Bom dia Antonio e Orlei,
Estou gostando muito desta discussão. É, mas é importantíssimo ressaltar que a idéia jamais é prejudicar os empregados, muito pelo contrário, iniciei esta disucussão para ter informações precisas para que sejam garantidos os direitos e deveres TANTO das empresas, quanto dos segurados.
Infelizmente há casos em que o INSS concede o benefício como Acidente, e nós que acompanhamos de perto o funcionário, sabemos não se tratar de tal. Acho que ambos os lados desejam apenas o que é certo. E nestes casos, acho legítimo a empresa apresentar recurso. Há casos que realmente nem cabe discutir a decisão do INSS, contudo, há situações complicadas e que acabam até desmotivando o quadro funcional, diante de tamanha injustiça. Para os realmente adoecidos há até um acompanhamento mais próximo, mas também não é certo saber de que se trata de equívoco e não se manifestar.
Continuando a discussão caro Orlei, nem sempre vem especificado no CRER, tenho observado que a fundamentação vem exatamente igual para todos os casos, dando até a impressão do "copiar e colar". Não tenho visto contido o párágrafo e tudo o mais, conforme o seu exemplo. De qualquer forma, estaremos mais atentos a essa questão.
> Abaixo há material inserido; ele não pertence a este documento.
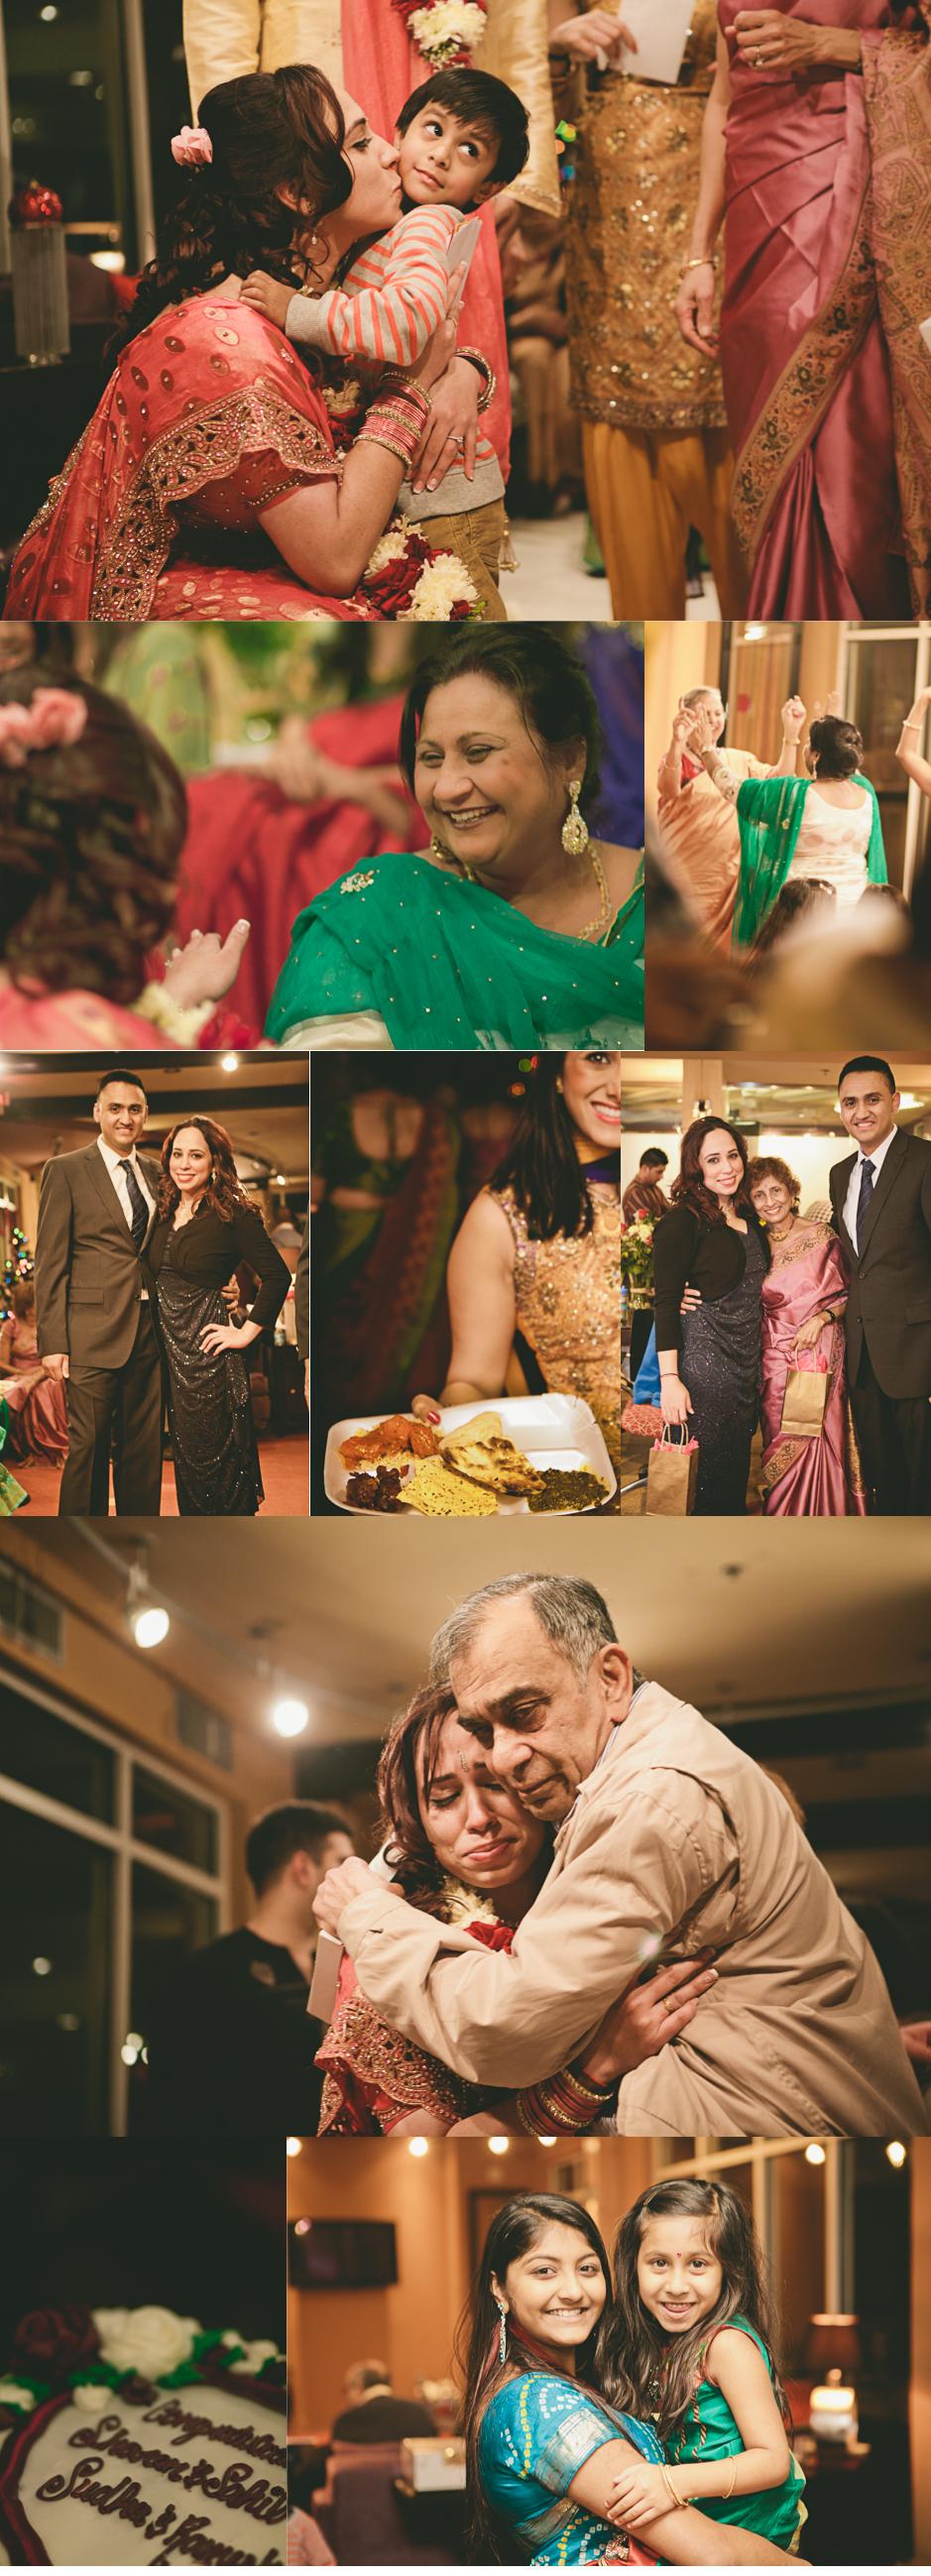 FrecklesAndLocks_20121222_SahibSharen_Hindu_Engagement_1-2

Agora deixa eu te perguntar, na empresa em que trabalho o mais comum é o nexo com as doenças do GRupo XIII da Cid 10 e conferindo com o anexo II do Decreto 6042, vi que o CNAE da empresa não consta na tabela que segue esse grupo. Aliás nosso CNAE não está relacionado em nenhum grupo. Você saberia me explicar isso melhor?
Obrigada.
Pois é Antonio, mas confesso ser muito difícil no trabalho público, pois não temos como pagar uma Assessoria para termos certeza nas tomadas de decisões. Daí que recorremos a Legislação, mas você há de concordar que sem uma tradução ou uma ajuda na interpretação fica difícil , não é mesmo? Este Fórum está auxiliando bastante, obrigada pela força.
oba ! to nesse pig e pong a algum tempo me mandaram para vara trabalhista , como provar para a justiça que contrai essas doenças trabalhando ? só porque estava em atividade ? o que pode acontecer ?. Acho que tem muita gente nesta situação , sera que é uma estratégia do inss para atrasar o processo . assim não guento !!!!! salve
Clodoaldo,
Como provar pra justiça que contraiu essas doenças trabalhando? Requerendo extração de cópias do seu Prontuário Médico ocupacional.
Só porque estava em atividade? Não somente porque estava em atividade, mas como a atividade laboral comprometeu a sua saúde.
Caso seja julgado procedente, poderás requerer os direitos em que faça jus.
Oi Orlei,
Eu aqui perguntando de novo.... Quando me referi ao CNAE da empresa em que trabalho, me referi ao Anexo do decreto 6042. Sabemos qual o noss CNAE, mas no grupo de CID "M", o qual a maioria das doenças ocupacionais apresentadas na empresa levam à concessão do auxílio doença acidentário contido no referido anexo, há na sequência os CNAEs para o estabelecimento do nexo. O nosso não aparece ali....e nem em outro local do anexo. Por que isso acontece? Não entendo pq já que o perito constata o nexo por meio do CID X CNAE da empresa, pq não consta o nosso naquele grupo?
Confuso, mas acho que é isso. Um abraço.